Someone made this sweet character planner that works great on phone too so once you start getting a bit of understanding about the game mechanics you can start theory crafting an unstoppable Mordheim squad. I should also add that I played it mostly on PS4, so its great with a controller. Movement just feels so much more natural and I didn’t have a problem navigating the menus and such.

Qt3 doesn’t have much on our forums about Mordheim but if you have any further questions I’d be happy to answer them there.

I grabbed it, mostly because I fucking love Skaven. I’m still miffed that they aren’t in 40k. You can keep your tyranids; I want some fuckin’ space rats.

After starting about a billion other campaigns I’ve gone back to my original Vampire Counts one. I just love spreading vampiric corruption. And varghulfs, which I refer to as “bat ogres”. It was my first campaign so I had no idea how anything worked, so I haven’t confederated anyone, just conquered every province that declared war on me, and now I’ve got a bunch of free skeleton armies garrisoning places so they don’t rebel.

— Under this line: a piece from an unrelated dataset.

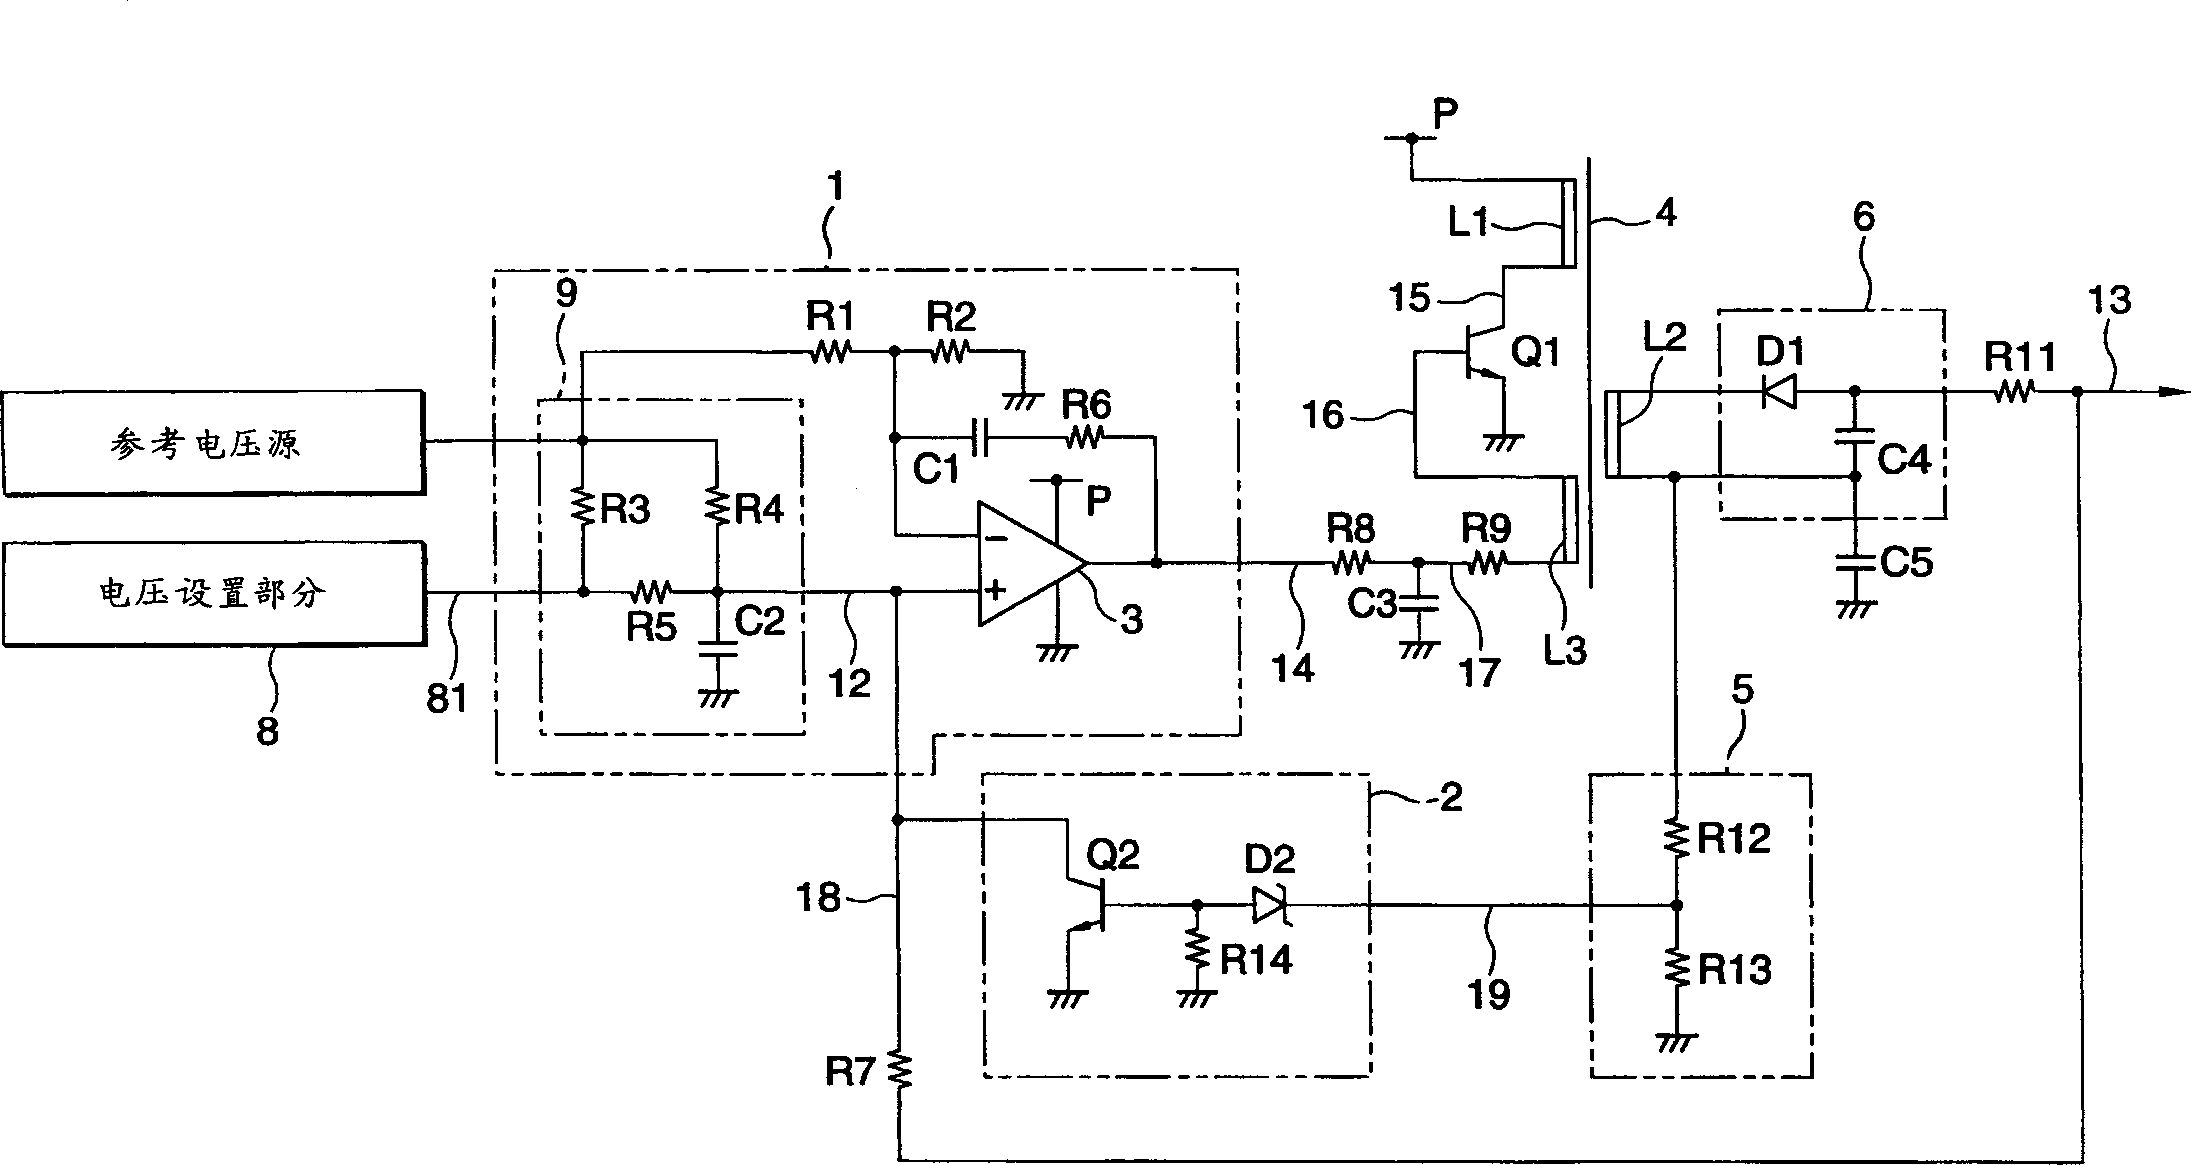 Circuit for producing high voltage used for toner powder system printer

I don’t know how sustainable it is but I’m closing in on turn 100 and have Altdorf in my (telescopic) sights.

Man, I really love varghulfs.

Vampire Counts are ridiculously easy against the computer. But satisfying! The upkeep-free skeletons plus the bonuses from awakening ancient lords with blood kisses are a disgusting combo. They really are fun to play, but almost boringly easy past a certain point.

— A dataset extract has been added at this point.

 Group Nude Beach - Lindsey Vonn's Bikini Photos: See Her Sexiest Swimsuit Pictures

So I just finished up a Taurox/Beastmen Eye of the Vortex campaign on Normal/Normal and it was just too damn easy. I’m probably in the minority but there was something to playing the Beastmen back in TWW1 that made it kind of exciting and probably overly difficult, but made for a very memorable experience.

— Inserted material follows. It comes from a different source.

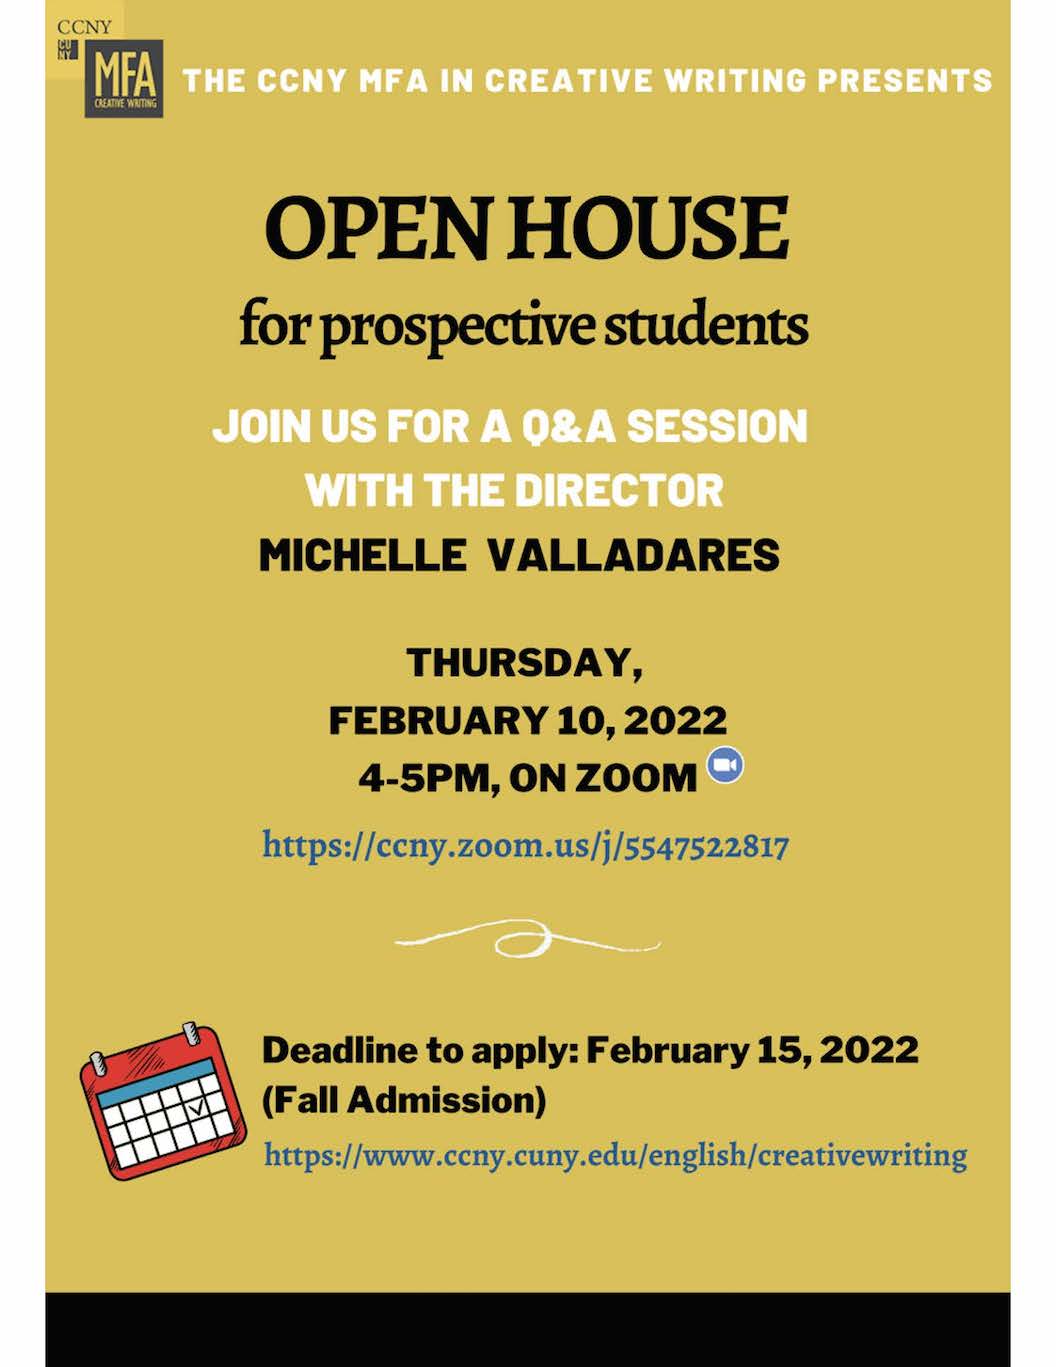 Open house for prospective students

The garrisons that you have at your heardstones (your “cities”) are incredibly strong even without walls. By the time I was making Tier 5 herdstones, the AI was marching 2 armies up and still losing in autoresolve (even more if I actually played to defend). These were not armies full of junk either. Having no minor settlements out there being vulnerable with puny little garrisons is just a huge bonus. Not having walls is really not a big deal when your garrison is full of giants and minotaurs.

Of course, Taurox himself is a beast. His momentum/rampage mechanic is incredibly powerful, especially once you reach the point where you can start replenishing his movement. You can start catching enemy armies in march stance and just obliterate them AND take out all the settlements in a region in ONE turn. Its truly obscene.

I also managed to snag the Sword of Khaine away from some dumb elf just carelessly running around with it and turned Taurox into an inhuman wrecking ball. And there are zero downsides to just keeping the Sword of Khaine forever.

It did get kind of boring to play. There is basically no diplomacy, extremely limited settlement development, and not a whole lot variety to their battles. Just about every battle (save a couple memorable ones) are about getting as many of your troops vanguard deployed and then smash into the enemy before their ranged can do much of anything. Every battle was over in less than 3 minutes except a few (though this is probably the case with most factions, it just felt even quicker with a whole army of minotaurs starting 50 feet away from the enemy’s front line).

I think it might have been more exciting had I turned it up to VH campaign / Normal battle difficulty but I was not playing very efficiently (only had 1 army for the longest time and then only expanded to another as I unlocked a legendary lord to lead them) so even with the difficulty turned up I think this would still be a rather straightforward campaign.

Being able to automatically recruit legendary lords is another thing that is really amazing. No more having to butter up the Knights of Caledor or the Order of Loremasters to get amazing legendary lords. Also no more getting them after the computer has spent their skillpoints in ridiculous ways (why get every mount dammit!). Once you have the requisite dread, you can just buy one of the legendary lords you don’t have. The only downside is that they start at level 1 no matter what, so get them early.

Once I’ve played some other factions (Dark Elf, Skaven, Tomb Kings) I might come back and try out a VH Taurox campaign in Mortal Empires to see if that gives him a real challenge.